Occorre dopotutto non sottovalutare i limiti etici che questa metodica comporta. Esiste infatti una linea di pensiero dove la Diagnosi Genetica Preimpianto è vista come una forma di eugenetica, che non viene rilevata nella Diagnosi Prenatale. Il termine eugenetica fa riferimento allo studio dei metodi volti al perfezionamento della specie umana attraverso selezioni artificiali operate tramite la promozione dei caratteri fisici e mentali ritenuti positivi (eugenetica positiva) e la rimozione di quelli negativi (eugenetica negativa).
Tale dottrina afferma che non esiste nell’ordinamento un aborto
“eugenetico”, ma che l’unica causa legittimante l’aborto è la necessità di salvaguardia della salute della donna, al contrario la diagnosi preimpianto avrebbe l’unico scopo di selezionare gli embrioni in base al loro stato di salute, costituendo quindi una pratica di tipo eugenetico.
E’ necessario tuttavia sottolineare che le finalità perseguite attraverso la Diagnosi Preimpianto sono essenzialmente conoscitive e, quindi, concettualmente neutre rispetto alle ulteriori finalità, che riguardano esclusivamente la sfera personale dei diretti interessati.
Pertanto, se l’aborto terapeutico non costituisce “eugenetica”, allo stesso modo si deve ritenere che anche la richiesta di non impiantare un embrione che sia altrettanto gravemente malato non lo sia. In entrambi i casi infatti la finalità assolutamente principale è quella della tutela della salute e dell’equilibrio psicofisico della donna; un effetto eugenetico di tipo negativo senz’altro sussiste, ma esso costituisce una conseguenza obiettiva e del tutto secondaria, non la finalità direttamente perseguita.
I limiti imposti fino ad oggi dalla Legge 40 e gli elevati costi che tale tecnica richiede fanno sì che la DGP non sia in grado di sostituire completamente metodi più convenzionali come la diagnosi prenatale.
Quest’ultima infatti continua ad essere consigliata anche per quelle coppie che
64 hanno deciso di utilizzare la genetica preimpianto in modo tale da avere un’ulteriore certezza della salute del proprio figlio.
La diagnosi genetica preimpianto rimane infatti una complessa combinazione di diversi tecnologie, che comprendono la medicina riproduttiva, nonché la genetica clinica e molecolare, e non essendo esente da possibili errori diagnostici, richiede quindi la stretta collaborazione di questo team di specialisti.

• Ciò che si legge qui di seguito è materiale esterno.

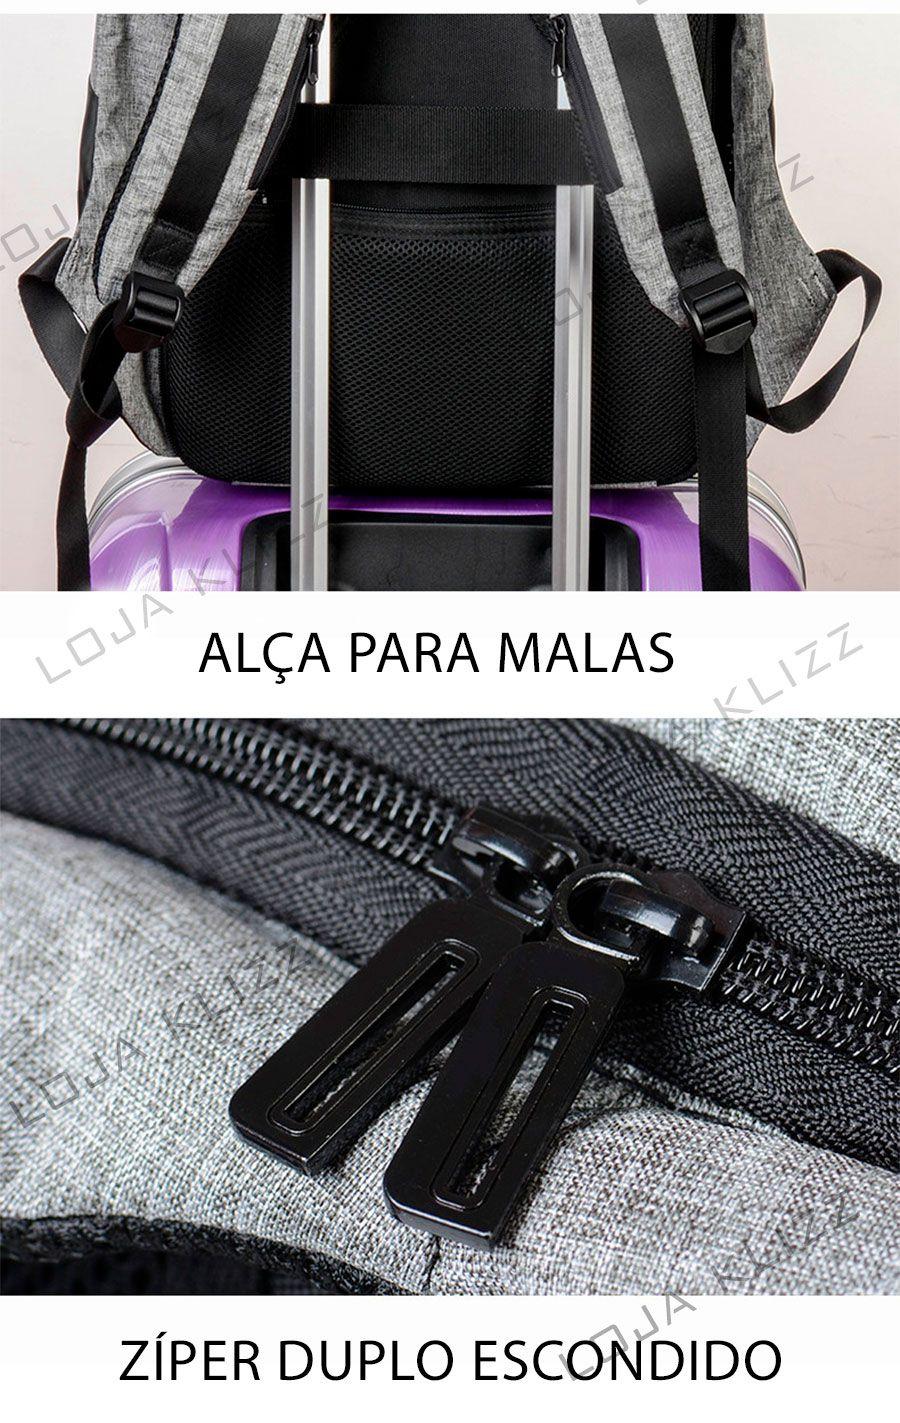 Mochila Antifurto Svviss Usb Notebook Saida P2 Fone De Ouvido Impermeável  - KLIZZ
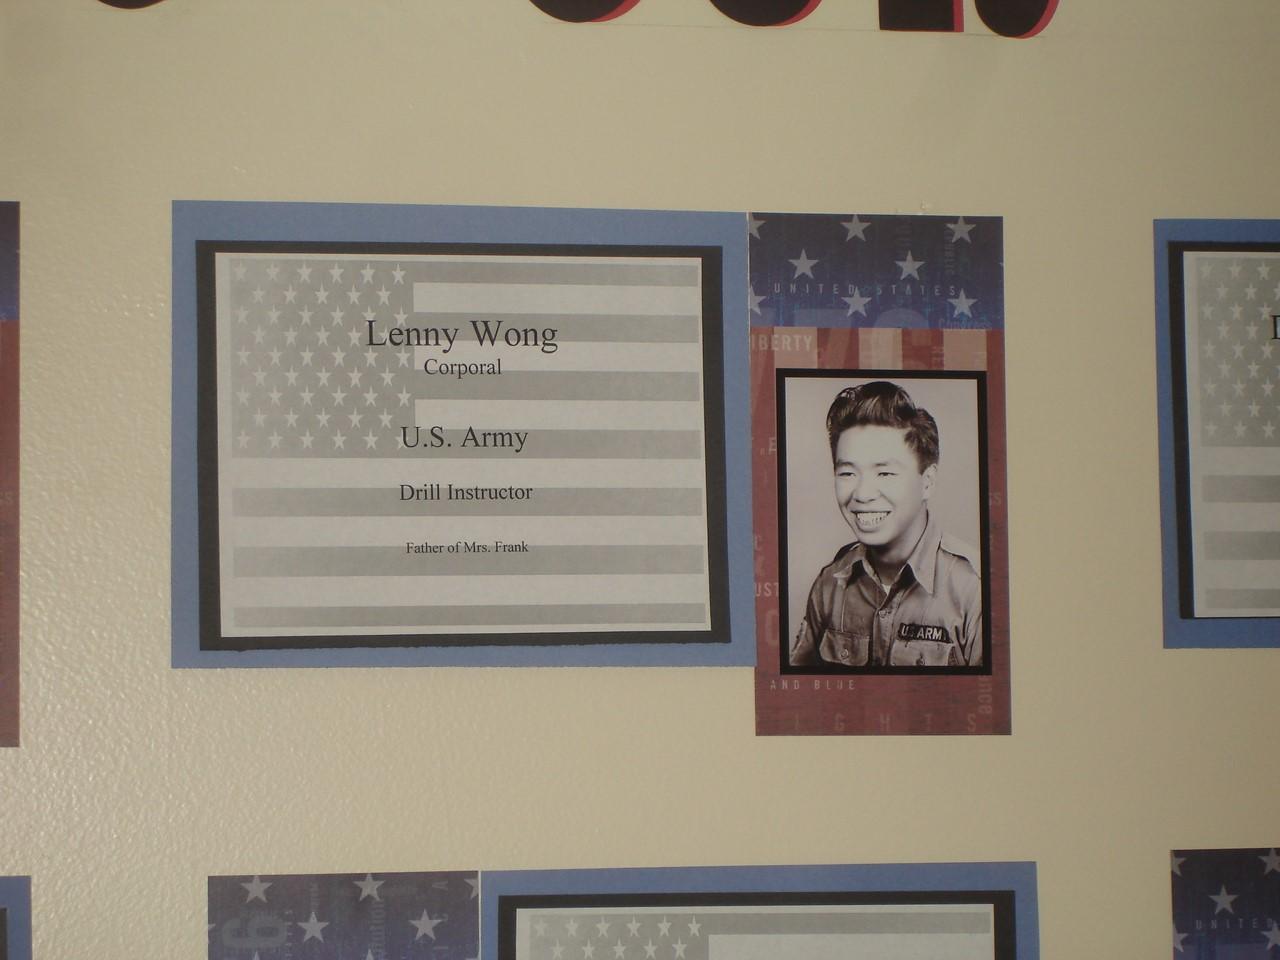 Veteran's Day 2007

Tuttavia i rapidi progressi della genetica molecolare che sono avvenuti negli ultimi anni e l’esperienza accumulata soprattutto nell’ultimo decennio hanno permesso di raffinare sempre di più questo tipo di diagnosi e favorire un aumento sostanziale della gamma di malattie genetiche su cui può essere applicata. Ciò nonostante la precisione e l’attendibilità di tale tecnica necessitano ancora di essere ulteriormente migliorate così da garantire che in un futuro prossimo la DGP possa giocare un ruolo sempre più importante nella procedura clinica, diventando una opzione utile per molte coppie con alto rischio di trasmissione di una malattia genetica, e impedendo la nascita di bambini affetti da queste malattie o il ricorso ad aborti terapeutici (F.Fiorentino et al.,2005).